Check out the prologue to "Alone In The Light" by clicking here

An excerpt from: Alone In The Light

Monday, June 4, 2018

40 years of respect and admiration...

I woke up this morning feeling remarkably refreshed - especially given the amount of... shall we say "birthday indulgence(?)" I had this weekend

I know what some of you are thinking - especially those of you older than I am - "You're only 40. Get over it. It's not that big of a deal." And you're right.  But - and here's the kicker - I honestly didn't think I'd ever see 40.

Yep. True story. 

I spent a good chunk of the last 2 decades thinking that 37 was probably going to be my limit. Get me drunk enough and I might even talk to you about it...

I know a lot of people have spent a large chuck of their lives doing things far worse than I have. Far scarier, far more exciting... etc and so on. But I've put my body and myself through some pretty hard times. And, in doing so, I felt that I'd missed death one too many times to get this far in life... I'm very happy to see this point in my life and see that I was wrong.

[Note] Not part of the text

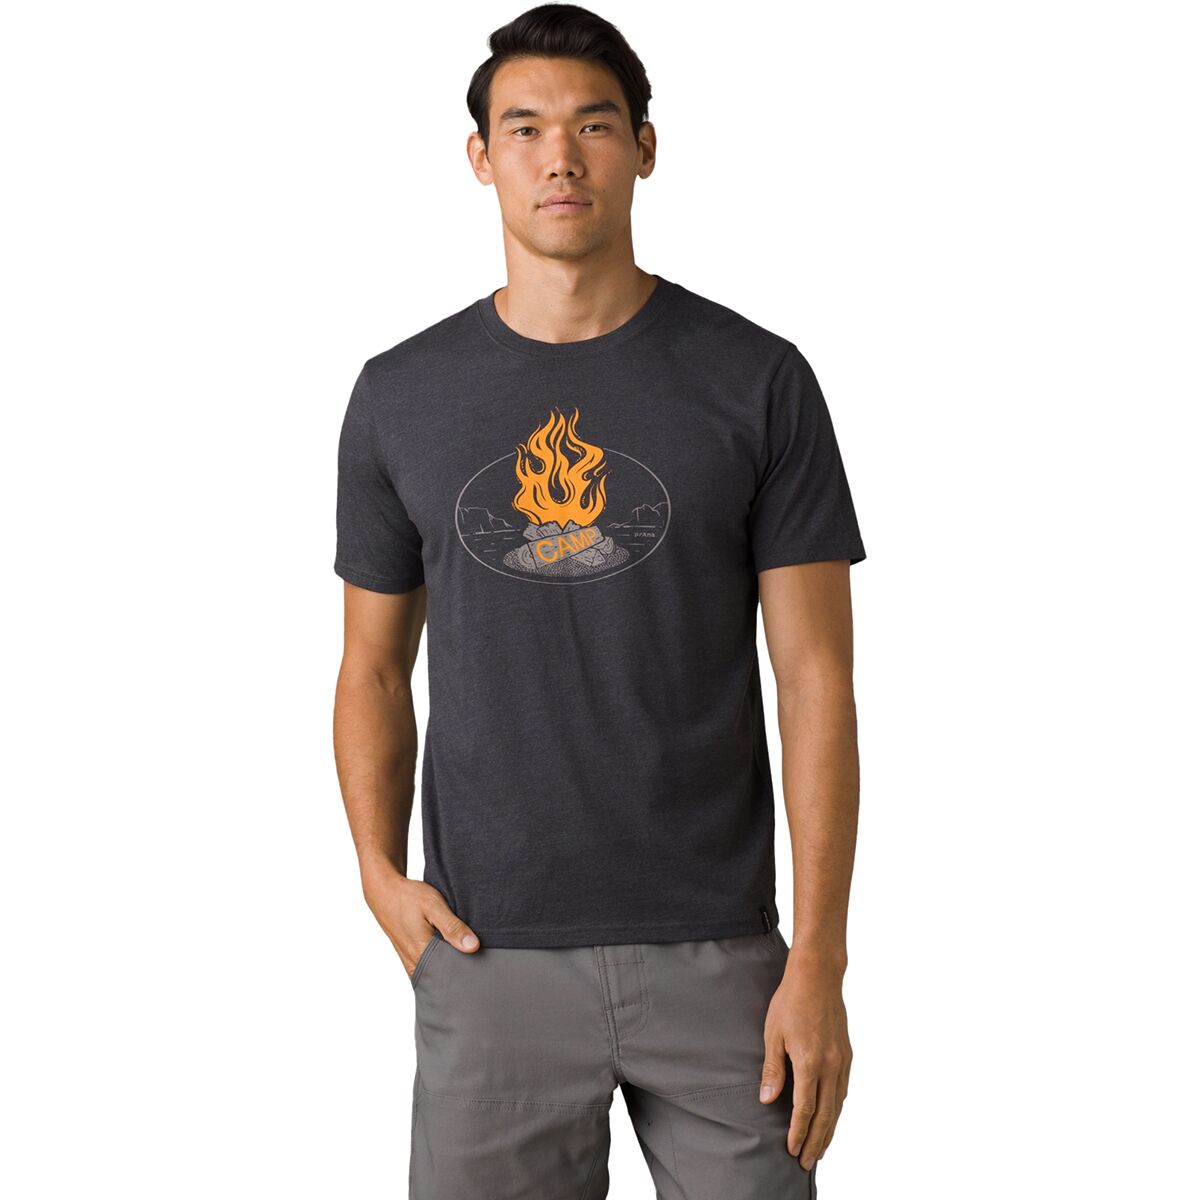 Camp Fire Journeyman 2 Shirt - Men

But I know, beyond the shadow of a doubt, that I would not have made it here alone. I've been extremely fortunate in my life. I've seen people show up out of nowhere, at JUST the right time, to offer me a hand up, a shoulder to lean on, a new camera, a letter in the mail with a "get out of jail free" card in it... They've offered me new perspectives on the world. They've given me help that I was unable or unwilling to ask for... and it is because of all of these people that I am able to be where I am right now... Happily married. A Father. Employed and happy... and, most of all, loved.

My family has been there my whole life. They've been encouraging and enraging at times - but they've never turned away from me regardless of the decisions I've made. When I was in Iraq, they were at home awaiting my my return and filling my mail-calls with reassuring letters and care packages.

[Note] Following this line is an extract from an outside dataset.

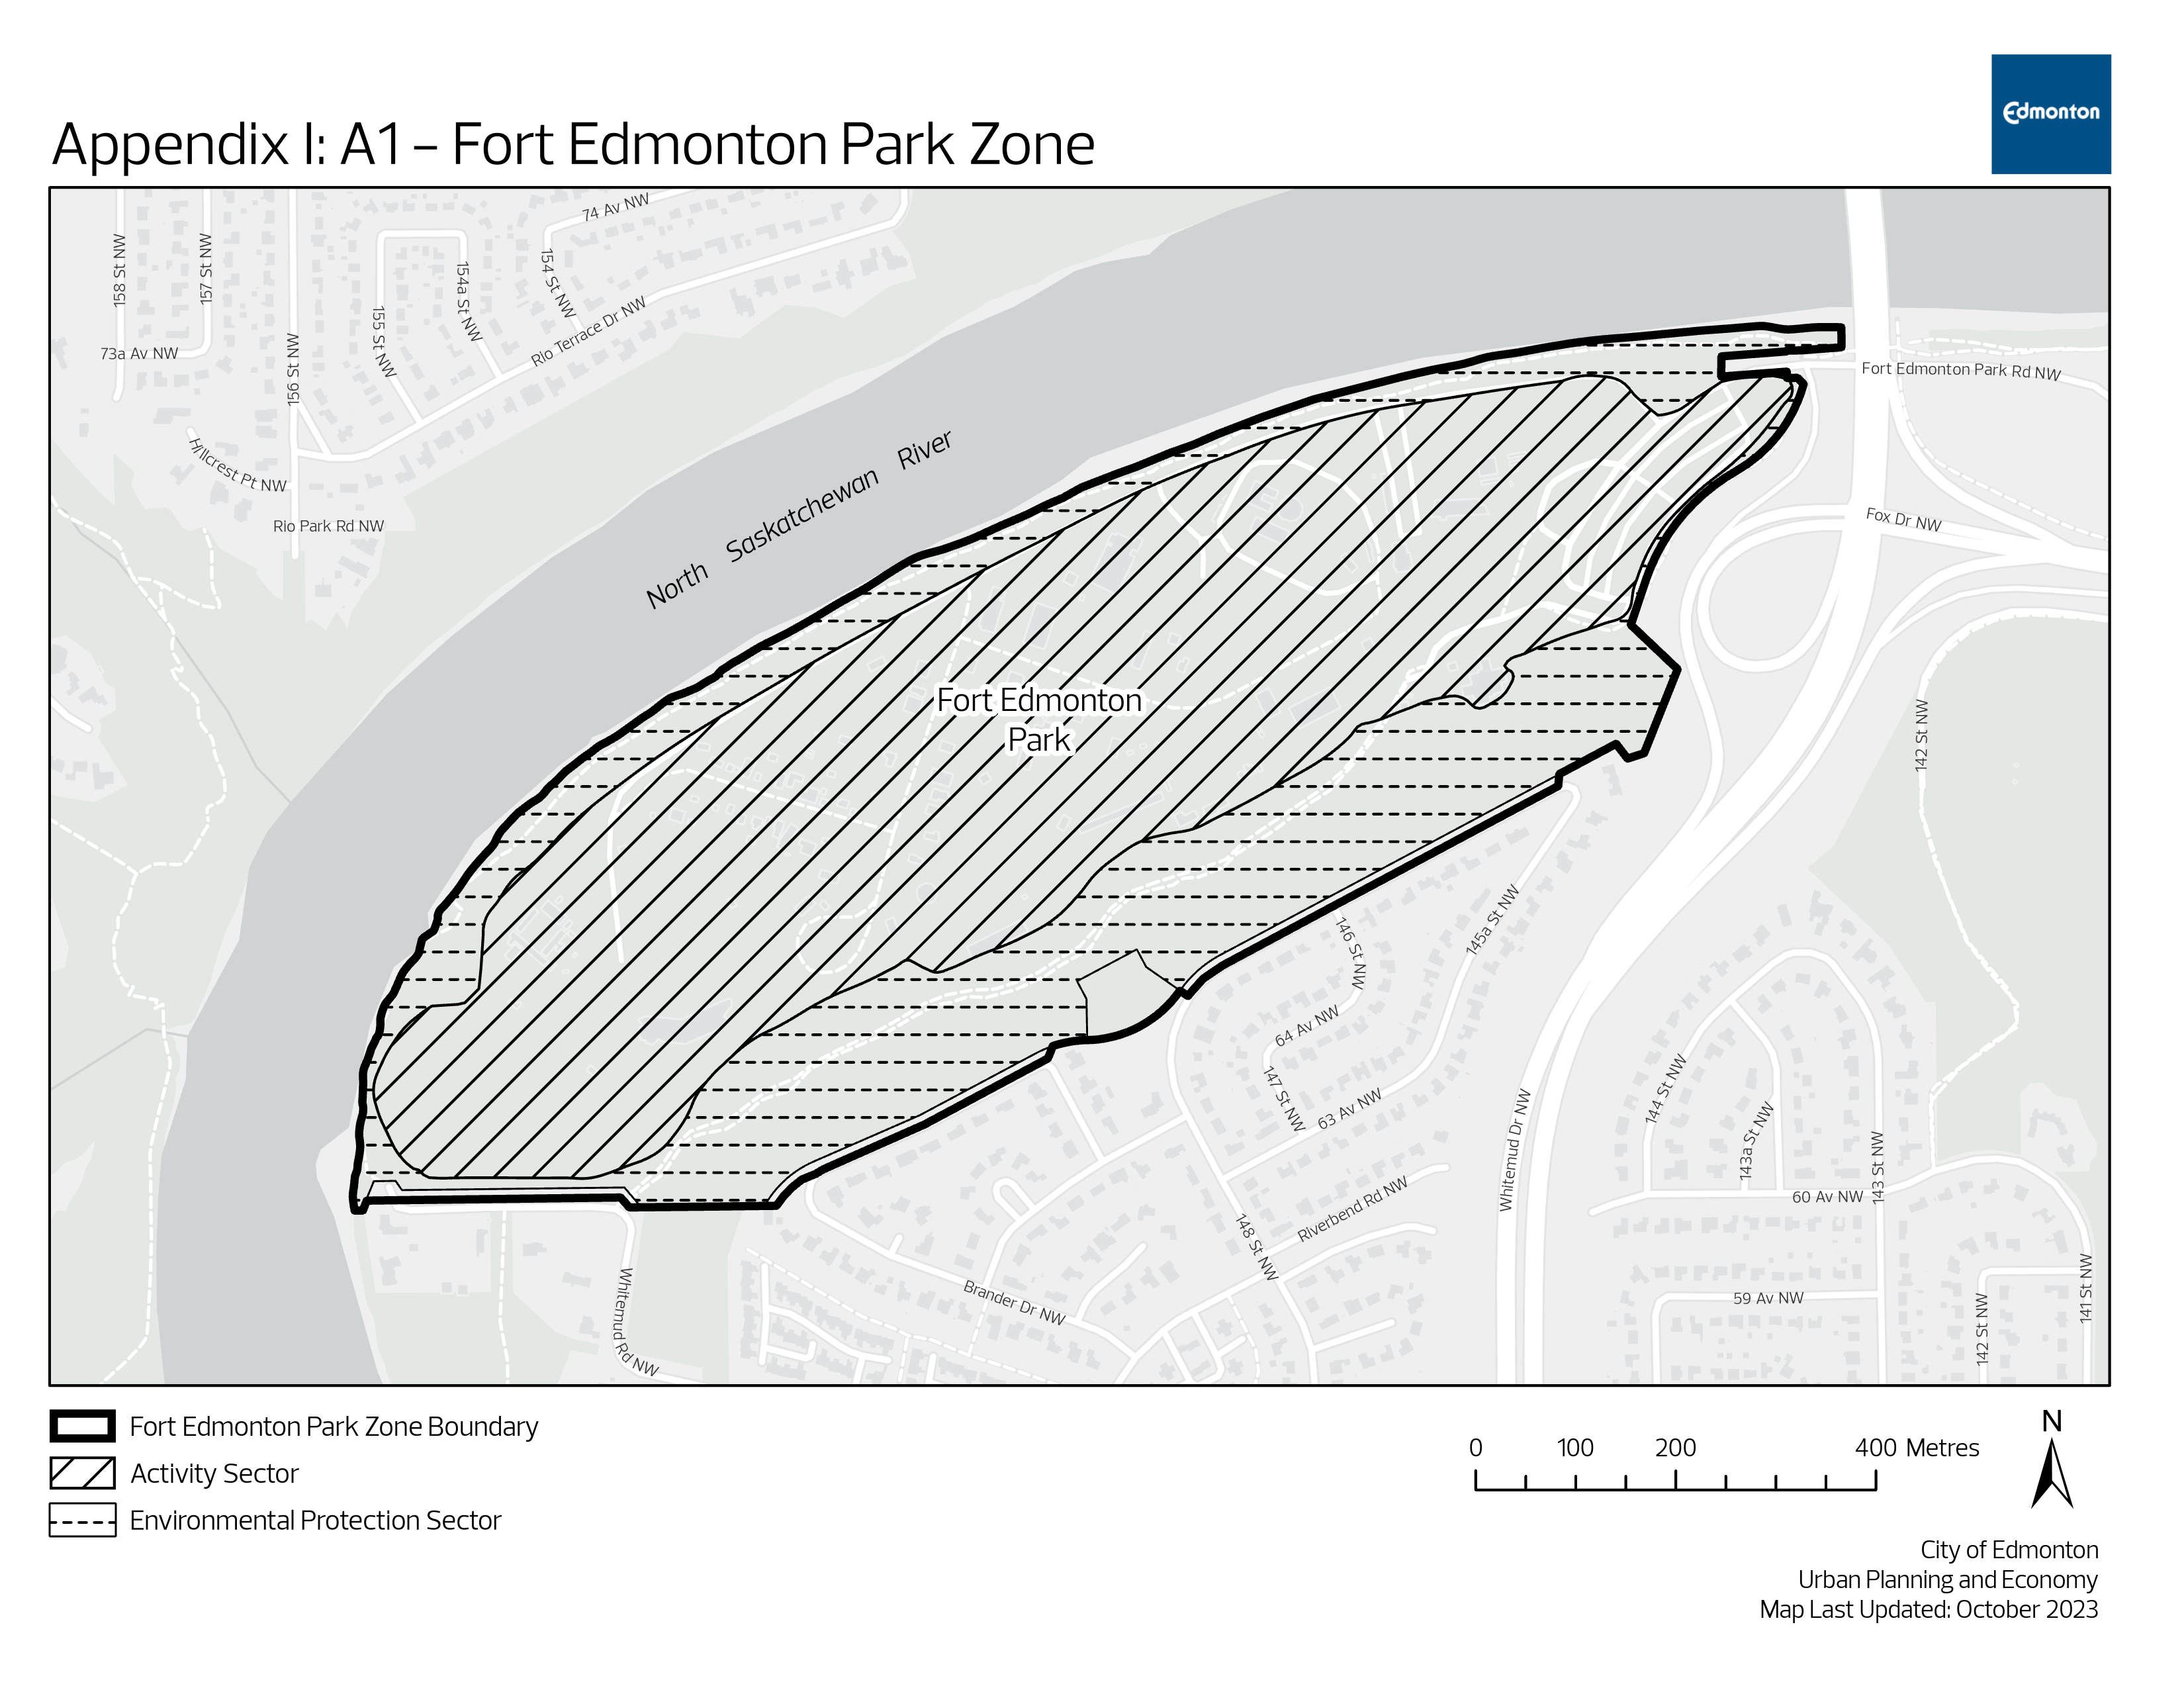 A1 - Fort Edmonton Park Zone map

My wife... she started out as my friend - and is still the closest of them. She is my best friend. She is the one who spent so much time and effort reeling me back in from the darkness and putting me back together. It's taken time, but, thanks to her, I feel I've returned (more or less) to the happy, sane, person I was pre-2003... And I don't have the words or ability to express my love and admiration for her... I love you.

The friends I've had come and go in my life have been essential to my basic survival... coming together to see that I could afford a camera for my first class in France. Writing letters to housing agencies and potential employers to get me in the door. Showing up when I'm down... giving me the keys to their Miata and telling me to "go for a nice ride with the top down" when I was at my wits end. Meeting me at my apartment at 4am when I needed to talk... coaxing me out of the darkness when the nightmares came... These people are also my family. They're not blood, but that's not what makes a family anyway.

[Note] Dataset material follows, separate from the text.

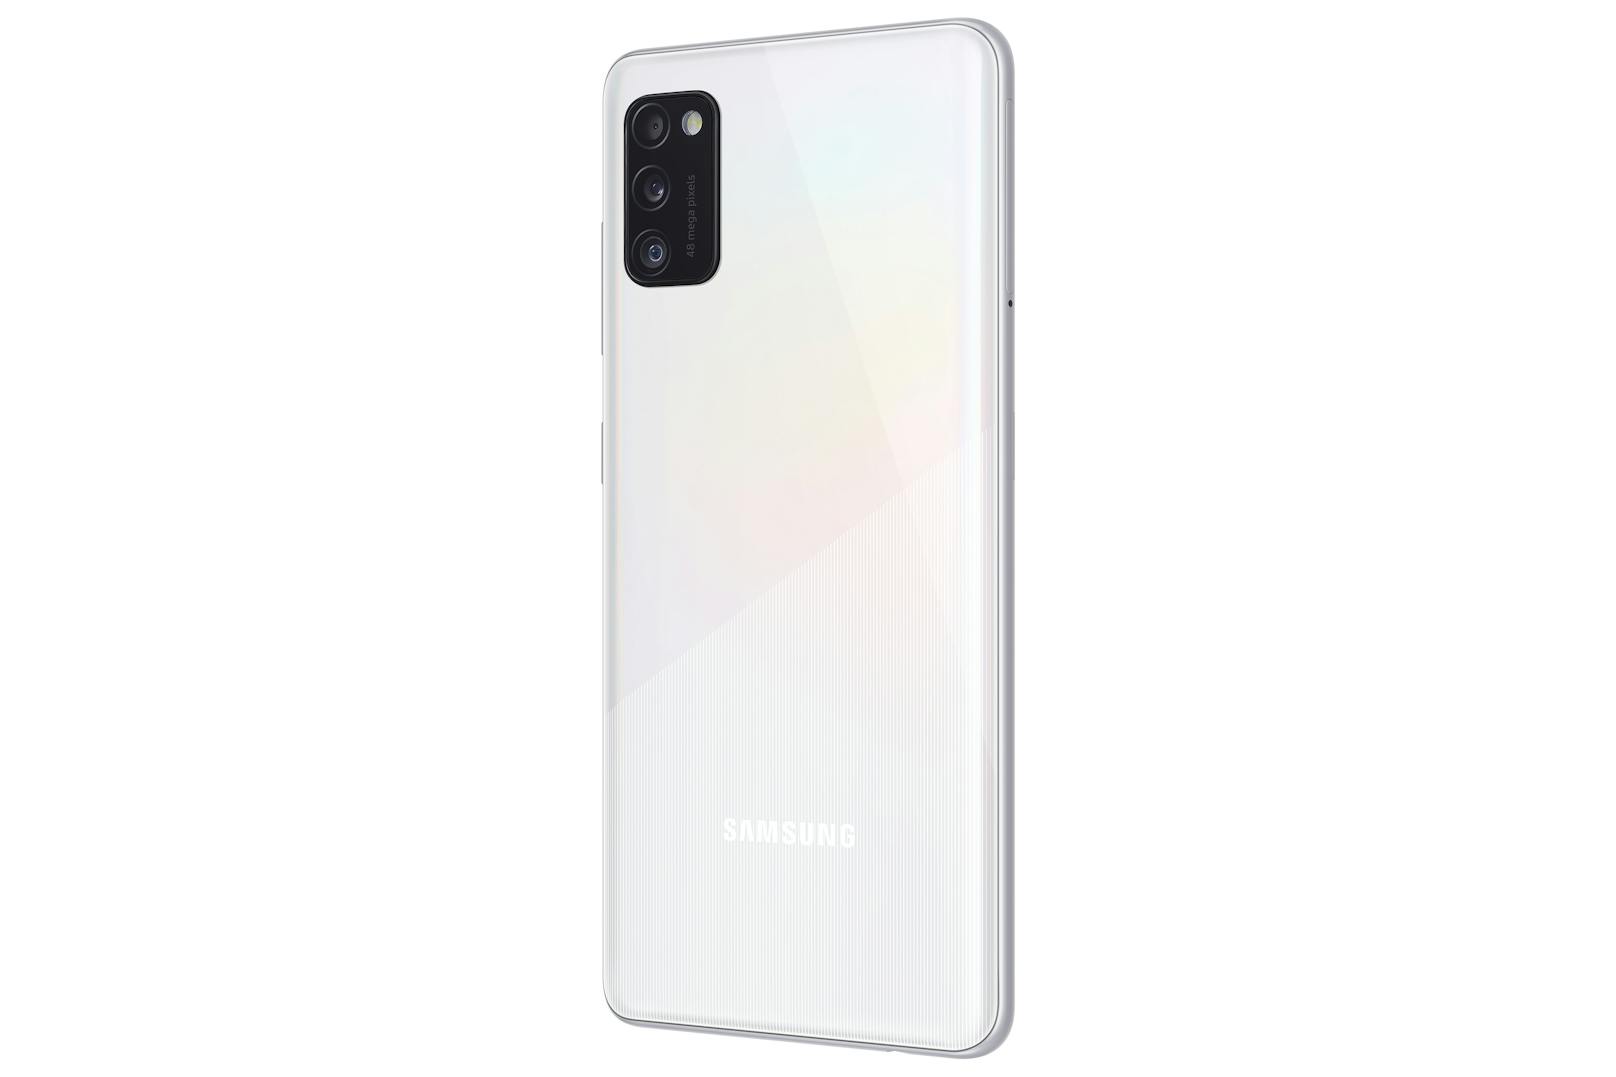 Das Galaxy A41 richtet sich laut Samsung an alle, die sich ein kompaktes Smartphone wünschen, aber keine Abstriche in Sachen Leistungsfähigkeit machen wollen.

On top of that - after all this time - they still call on my birthday, send me gifts in the mail and keep watching over me from afar. They offer their help and support and I feel I'll never be able to say thank you in a way that will compare to the sheer amount of love and respect I have for each and every one of them...

So... yeah. I could sit here and list every person I'm truly grateful for knowing - but that would be like re-writing the phone book.

Just know that I love you all. And having you in my life has made all of the difference.  Thank you. All of you.

“When the body sinks into death, the essence of man is revealed. Man is a knot, a web, a mesh into which relationships are tied. Only those relationships matter. The body is an old crock that nobody will miss. I have never known a man to think of himself when dying. Never.”